Estudo mostrou que o EA associado ao treinamento de força melhorou o desempenho de atletas em torno de 1 a 5%, que pode não ser estatisticamente significante, mas pode representar a vitória em esportes de alto nível(4). Também são mostrados aumento de força em cerca de 5 a 20% e aumento da massa corpórea entre 2 a 5kg, o que foi diretamente relacionado ao aumento da massa magra e tamanho muscular(6). Por outro lado, alguns estudos não encontraram aumento de massa muscular e força induzidos pelo EA(7,8). Essas divergências nos resultados podem ser decorrentes dos diferentes EA utilizados, doses administradas ou protocolos de treinamento aplicados. Como pode ser observado, ainda permanecem dúvidas na literatura sobre os verdadeiros efeitos dos EA quando associados ao treinamento de força.
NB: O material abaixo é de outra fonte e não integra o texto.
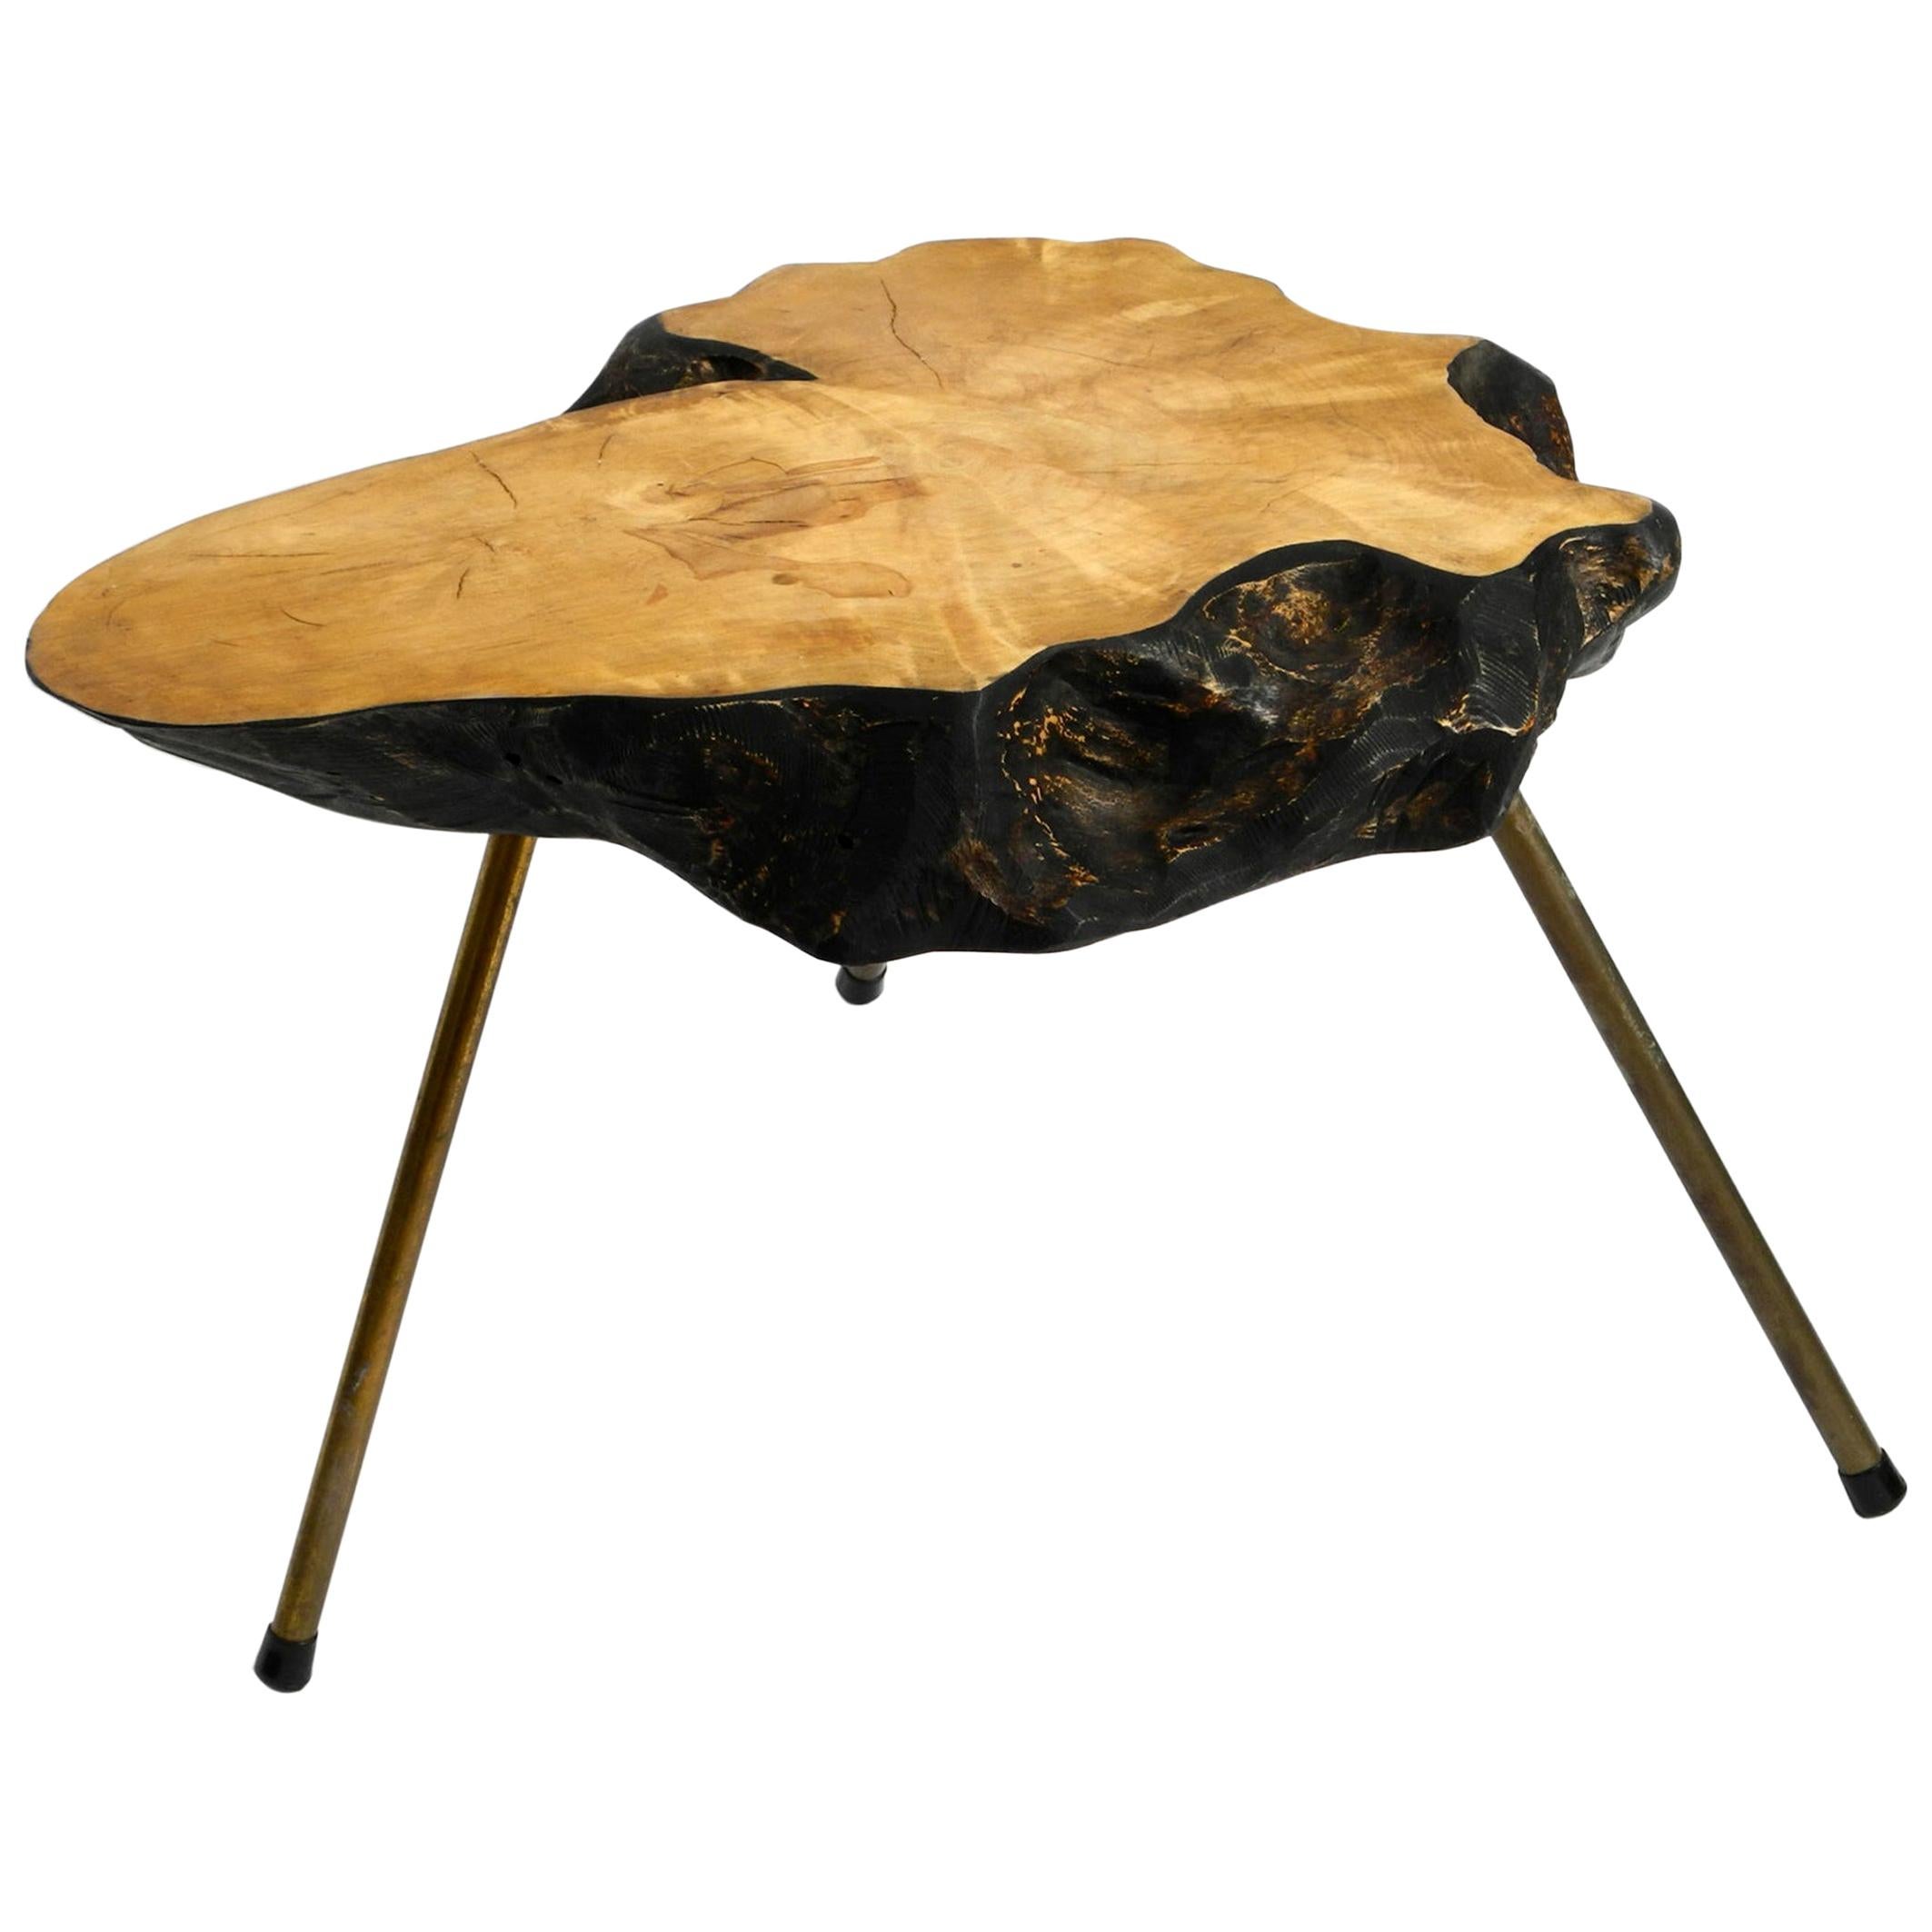 Rare, Beautiful Midcentury Three-Legged Coffee Table Made of Thick Tree Slice

Apesar do uso de EA estar mais relacionado a indivíduos praticantes de exercícios que envolvam potência muscular e força, muitos atletas de modalidades aeróbias utilizam EA(9). Esses indivíduos têm como objetivo diminuir o catabolismo induzido pelo grande volume de treinamento(9). Segundo Zyl et al.(10), que investigaram a resistência em corrida submáxima com uso de EA, verificou-se a melhora de 41% no desempenho aeróbio. No entanto, outro estudo mostra que o uso de EA não altera a fadiga em ratos treinados em natação(11). Portanto, os efeitos dos EA associados ao treinamento aeróbio são controversos. Os estudos que investigam a associação de EA ao treinamento aeróbio não avaliam seus efeitos sobre a massa muscular e a força, o que os torna, até o momento, desconhecidos.
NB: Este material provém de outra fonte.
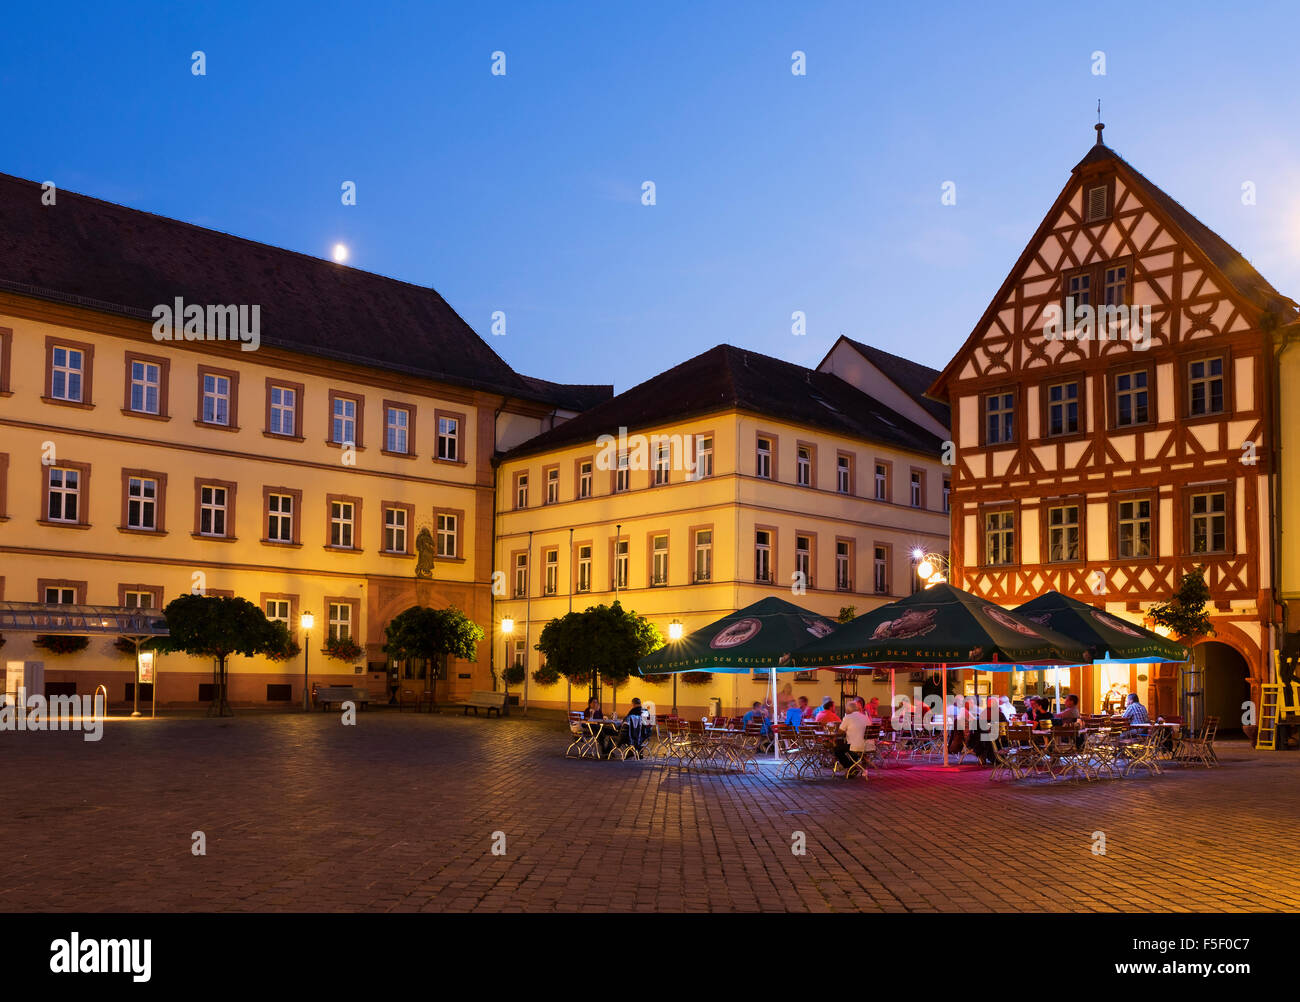 Marketplace at dusk, Karlstadt, Lower Franconia, Franconia, Bavaria, Germany Stock Photo

Considerando as controvérsias encontradas na literatura a respeito dos efeitos do EA associado a diferentes protocolos de treinamento físico sobre a massa muscular e a força, o objetivo deste estudo foi avaliar os efeitos da associação de EA ao treinamento de força ou aeróbio (natação) sobre a hipertrofia dos músculos sóleo, plantar e gastrocnêmios e sobre a força muscular.

 

MÉTODOS

Amostra: Foram utilizados 42 ratos Wistar machos, com massa corpórea inicial de 260 ± 6g. Os animais foram mantidos em gaiolas, de três a cinco animais, separados por grupos, no biotério do Laboratório de Bioquímica da Atividade Motora da EEFE/USP com temperatura mantida entre 22 e 24ºC e controle de luminosidade, em ciclo invertido claro-escuro de 12 horas. Água e comida foram administradas ad libitum e os animais foram pesados semanalmente. Todos os procedimentos foram aprovados pelo Comitê de Ética da Escola de Educação Física e Esporte da USP e de acordo com as normas do Colégio Brasileiro de Experimentação Animal.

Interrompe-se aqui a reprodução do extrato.